Real example — Manus masks tools instead of removing them. Tool definitions stay in context (preserving KV-cache) but logits are masked so the agent can’t select irrelevant tools. During a browser phase, browser_click() is allowed but shell_run() is masked.

Technique 3: Context Quarantine (Multi-Agent Isolation)

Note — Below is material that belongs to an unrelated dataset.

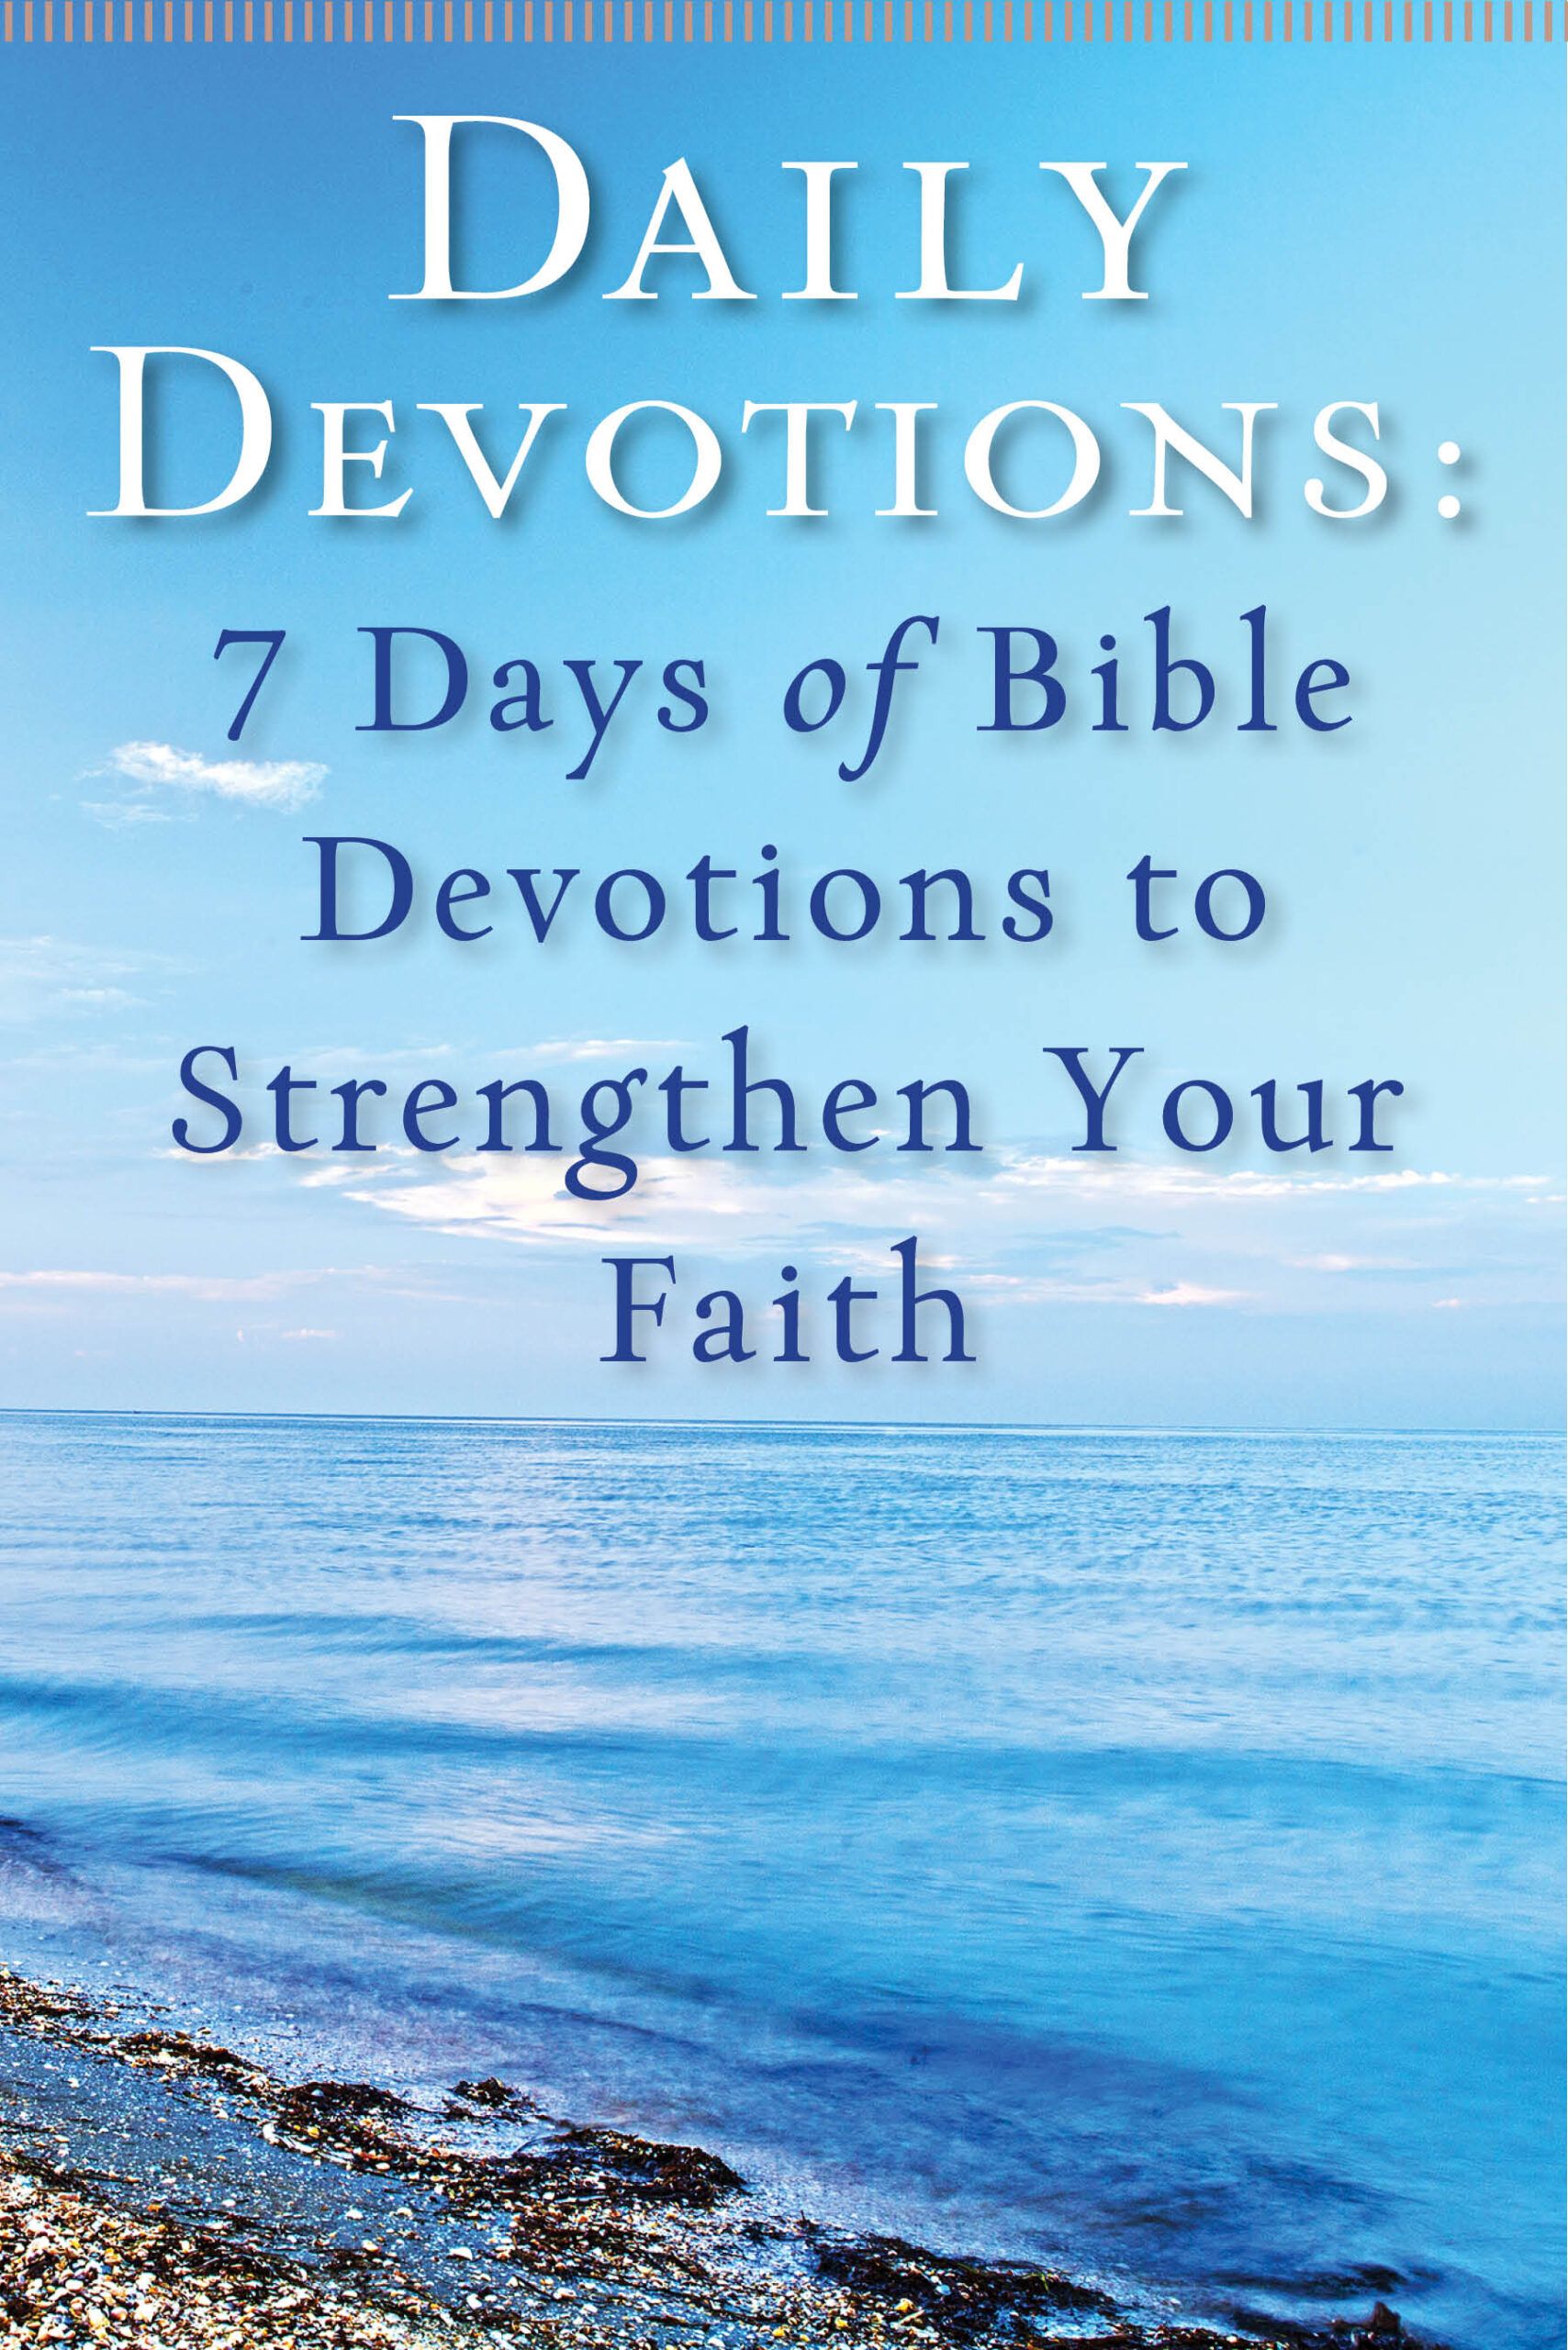 Daily Devotions: 7 Days of Bible Devotions to Strengthen Your Faith

Category: ISOLATE context Fixes: Poisoning, Distraction

Split work across sub-agents, each with its own clean context:

        ┌──────────────────────────────────┐
        │        LEAD AGENT                 │
        │  (high-level plan + synthesis)    │
        │  Context: plan + summaries only   │
        └──────────┬───────────────────────┘
               │          │        │
       ┌───────▼──┐ ┌────▼─────┐ ┌▼──────────┐
       │ SubAgent │ │ SubAgent │ │ SubAgent   │
       │ "Search" │ │ "Analyze"│ │ "Code"     │
       │          │ │          │ │            │
       │ Own tools│ │ Own tools│ │ Own tools  │
       │ Own ctx  │ │ Own ctx  │ │ Own ctx    │
       └────┬─────┘ └────┬─────┘ └─────┬─────┘
            │             │             │
            ▼             ▼             ▼
        1-2K token    1-2K token    1-2K token
         summary       summary       summary
            │             │             │
            └─────────────┼─────────────┘
                          ▼
              Lead agent receives only
              compressed summaries
              (clean, focused context)

Real example — Anthropic multi-agent researcher: LeadResearcher (Opus) + SubAgents (Sonnet). Each sub-agent explores with fresh context. No cross-contamination. Lead agent only sees distilled results. Trade-off: uses ~15x more tokens total, but each individual context is clean and focused.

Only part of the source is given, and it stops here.